Judging by their general aesthetic and career-wide thematic material, HEALTH have always been pretty comfortable with the concept of death. If you deal with death, HEALTH deals with "Death+". Thus, with their pop opus that puts death in the neon lights, it only makes sense that HEALTH take a longer look at the concept here than ever before. The general theme of Death Magic paints it as the invisible hand over our lives - we feel alive by holding death in our hands, but we are also afraid of its finality. In the middle, we live, trying to reconcile the blank space between birth and death, augmenting our living state in ways that threaten our living existence.

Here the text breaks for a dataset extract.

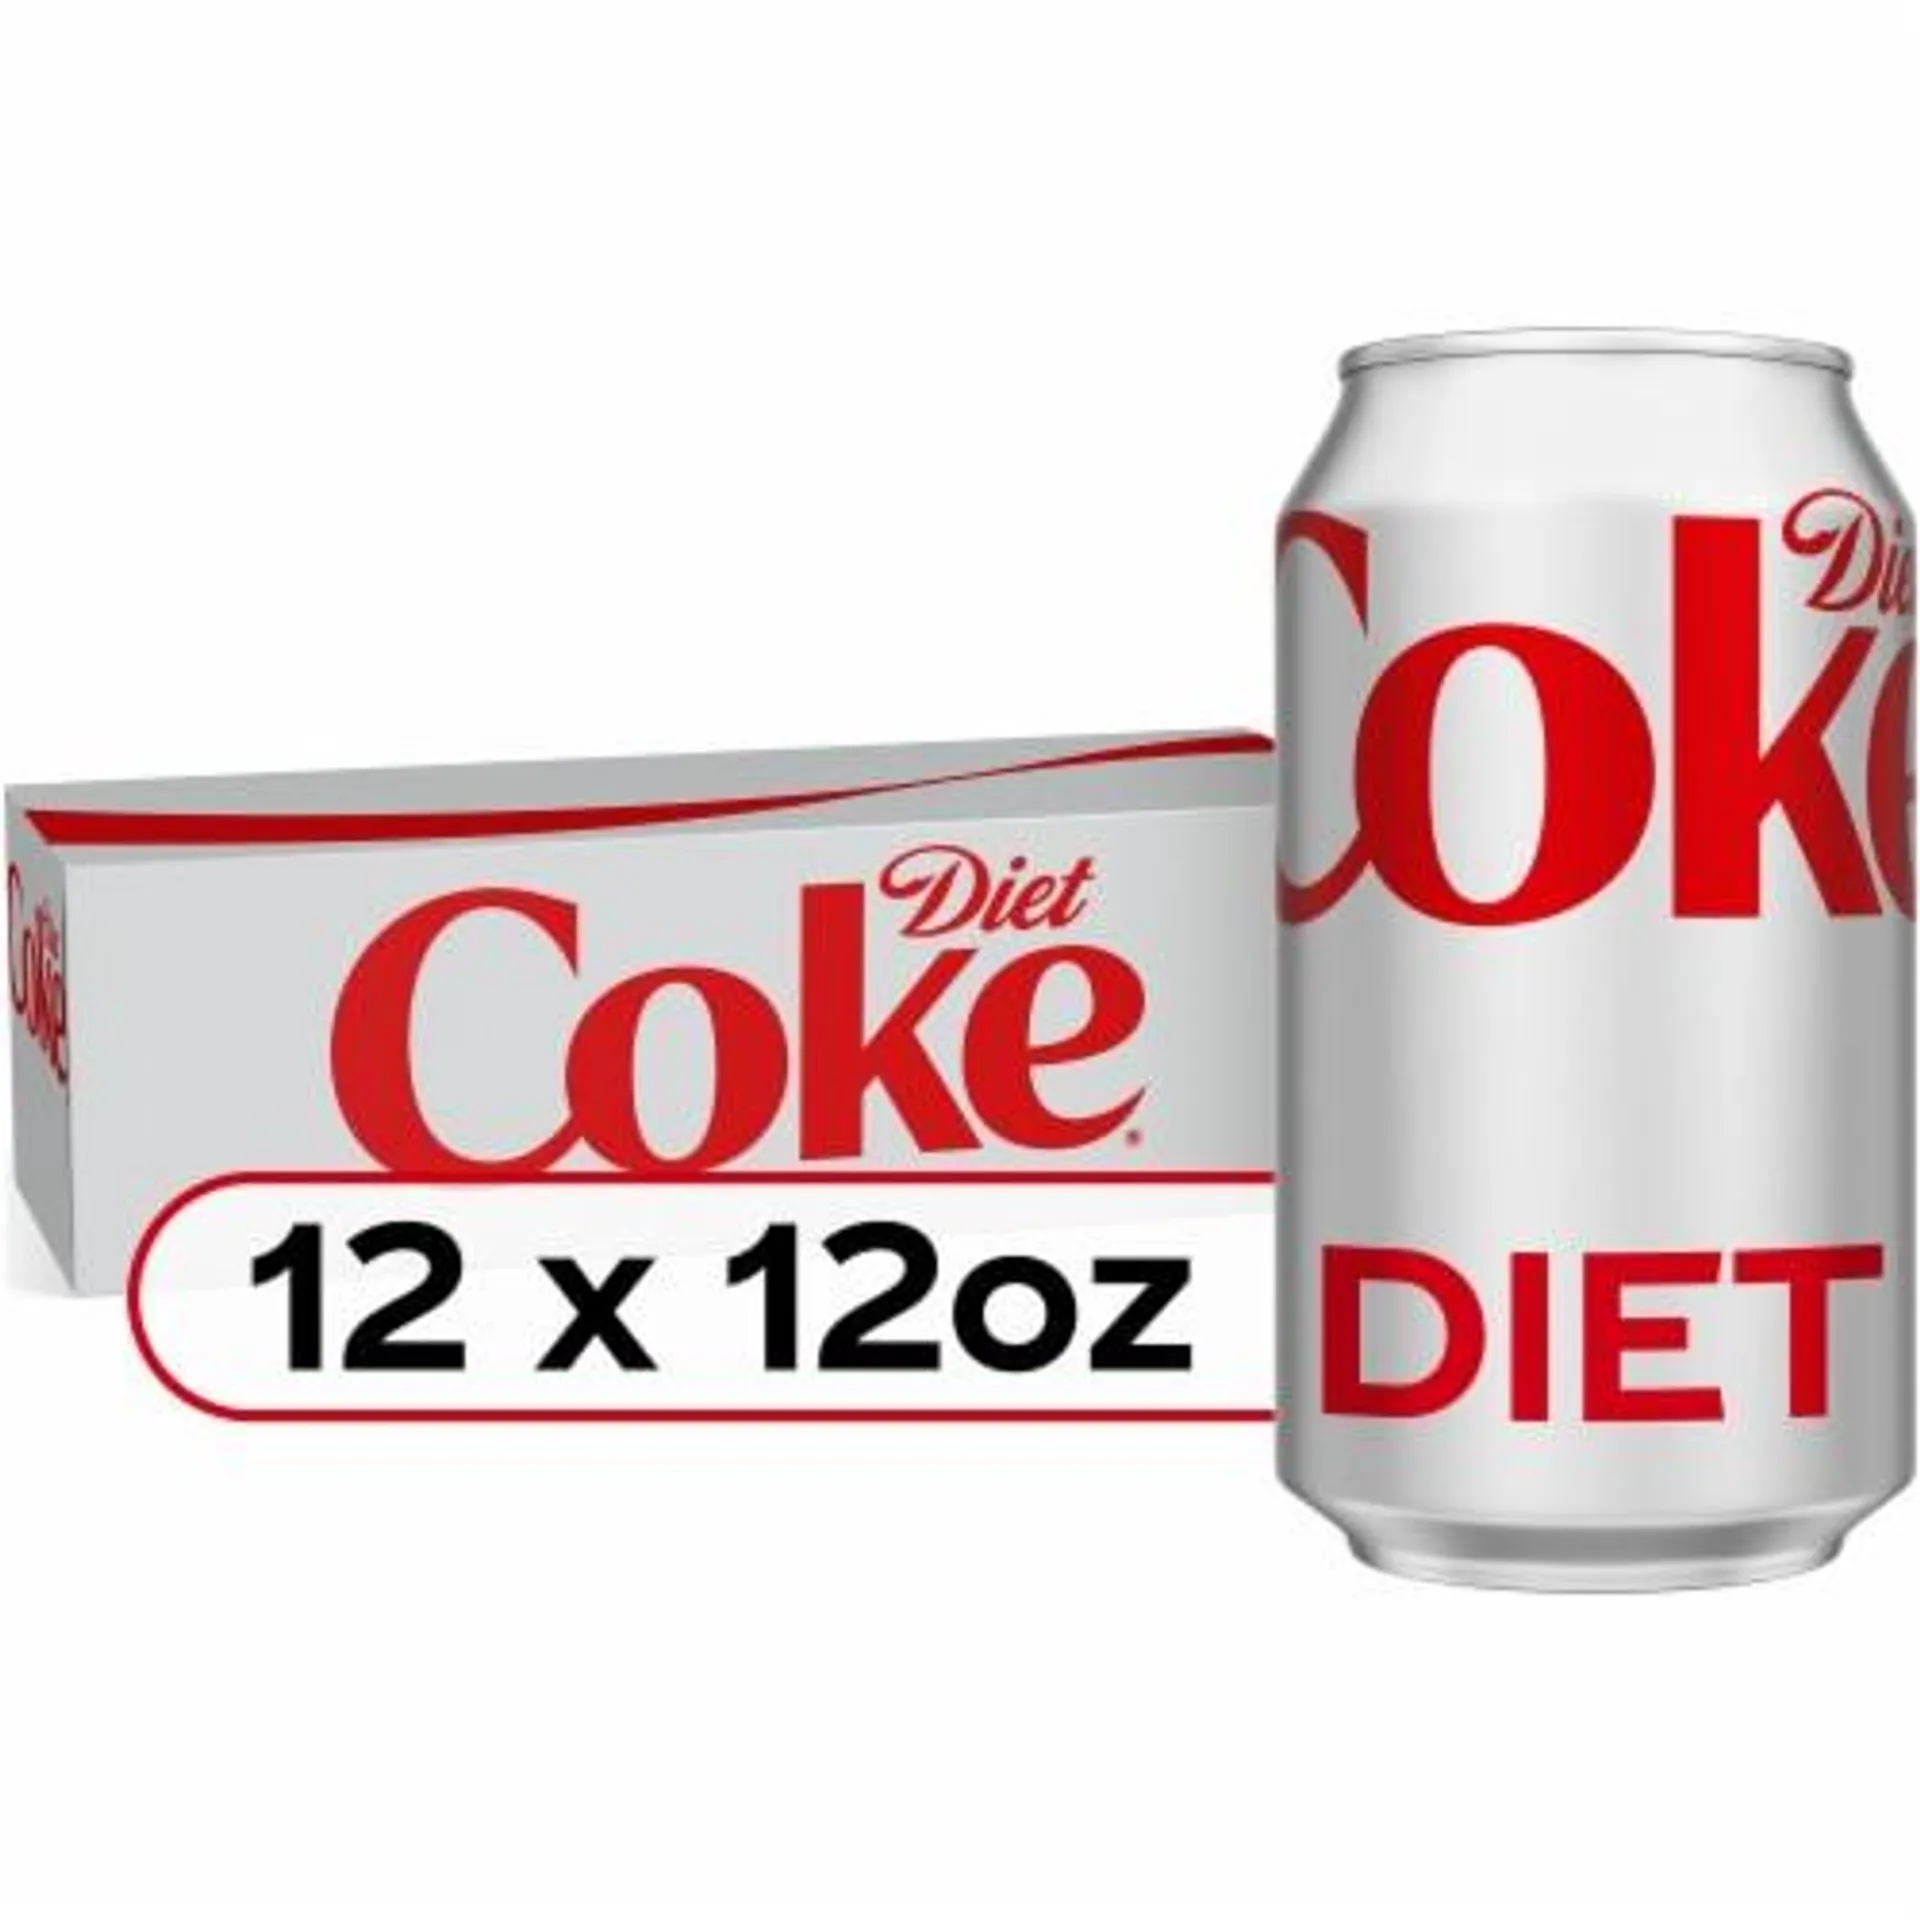 Diet Coke® Soda Cans

It's all a very messy process, but it makes for a visceral, adrenaline-pumping mixture that HEALTH capture on Death Magic pretty marvelously.

Much like Get Color before it, Death Magic finds its most emotional highs and lows in its punishing arrangements above its lyrics. The slow build of opener "Victim" grows in size and strength until it quite literally explodes into lead single "Stonefist". Here better than anywhere else on the record, HEALTH strike a perfect balance between the heavier than earth sound that they pumped into "Tears" and a downright catchy pop hook. I'm not saying "Stonefist" is the catchiest of the bunch - later tracks "Dark Enough", "Life", and "L.A. Looks" all surpass it with cool, danceable grooves and very repeatable lyrics. But in each of these, the metallic bloodlust that fans have come to love the band for - the same one that makes your blood curl like it did on "We Are Water" - quiets a little to make room on the dance floor. Later in the album, "New Coke" continues this approach, upping the ante in terms of scale, while simultaneously creating maybe the most guaranteed live sing-along track on the record. "Stonefist" and "New Coke" are statement tracks on two fronts, pop and anti-pop, and they level the competition with ease.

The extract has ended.